I've made g3l_individual that takes a data frame with (some of) year / step / area / age / length / obs columns.

It seems OK to me, especially considering generalisation. In the case of blubber, I think data will be aggregated over all ages

vbartolino commented 1 month ago

I think it would be generally useful to have means to include individual measurements, as it opens up the possibility to do direct regression analysis based on model inputs.

I see the attractiveness of feeding the model with individual data, but isn't it in contrast to the way we approach all the other data components (i.e., growth data, stomachs)? With most fish data the number of data points would be pretty large and I wonder if it could slow calculations. Which are the costs and benefits?

Regarding the transform function, would it make sense to implement standard regression formulas? @vbartolino what do you think?

not sure I fully understand, but it's possibly link to the previous point

lentinj commented 1 month ago

I see the attractiveness of feeding the model with individual data, but isn't it in contrast to the way we approach all the other data components (i.e., growth data, stomachs)?

Yeah, it's very different.

With g3l_distribution (i.e. everything else):

We consider our data dense; we're forming an array of counts for year/step/age/.../length columns. We can't have gaps in the array, any missing points are assumed to be 0
We aggregate the predicted model data based on the observations; if the input data has lengths 1, .. 10, .. 95, then we aggregate the model length data into buckets of [1,10), [10, 95).

With g3l_individual:

The incoming data is sparse; we have a data.frame of values, it's perfectly reasonable to have gaps and irregularly-spaced data.
We round the incoming data to the nearest corresponding data point(s) in the model. If the observation data has lengths 1, 10, 95, then we compare these with the model lengths 0, 10, 90 (assuming the length bins are seq(0, 100, 10)).

As you say, sparse vs. dense has normal storage concerns, but the way the aggregation works is probably the bigger difference.

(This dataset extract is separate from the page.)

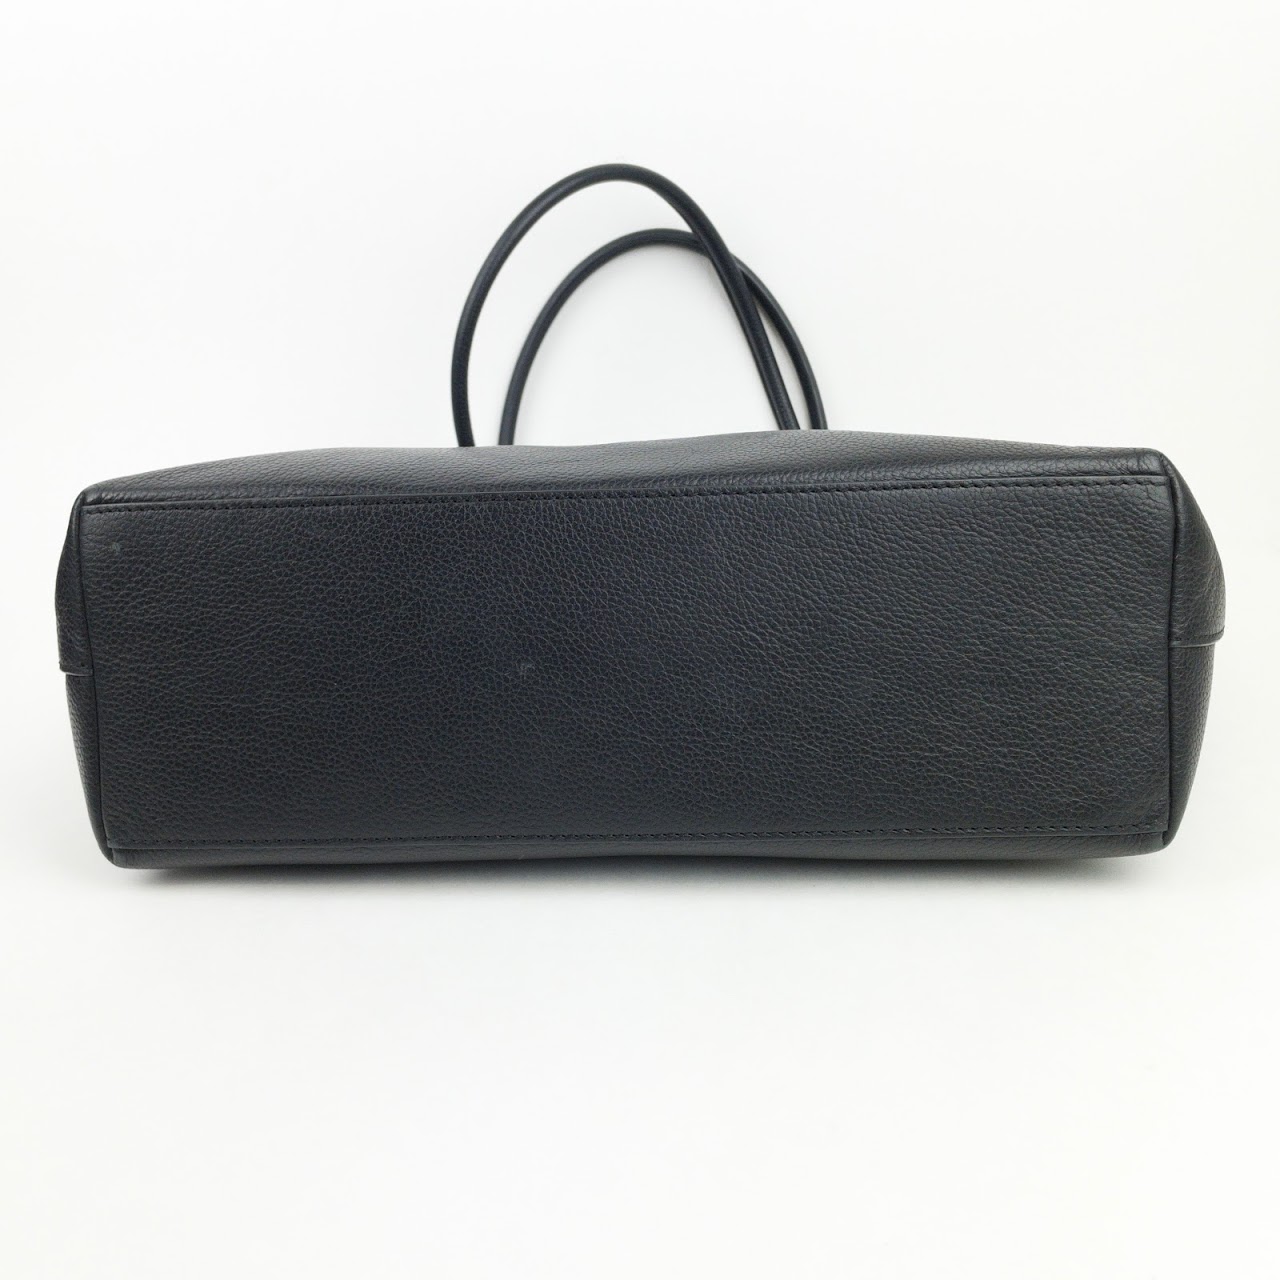 Linjer Black The Soft Tote Bag

it could be g3l_catchstatistics if we're looking for generality and consistency with g2

I'm not sure how much the inner workings of g3l_catchstatistics line up with the above (will dig after lunch). But very least, g3l_individual isn't catch statistics, it's overall stock statistics. It wouldn't be impossible to change, but would "mean blubber thickness of an individual length 80" and "mean blubber thickness of an individual length 80 that this fleet caught" be that different?

But including number / mean columns, or offering to aggregate them for you, does make sense though. EDIT: And if we did, the formluae that catchstatistics offers would also make sense.

vbartolino commented 1 month ago

We consider our data dense; we're forming an array of counts for year/step/age/.../length columns. We can't have gaps in the array, any missing points are assumed to be 0

but in practice we often have gaps in the obs_data for instance age-length, isn't it? Does it mean that g3 assumes obs=0 for those combinations? I'm sure there's a good reason why this is needed (though not sure I understand why) but this was not the case with g2, right?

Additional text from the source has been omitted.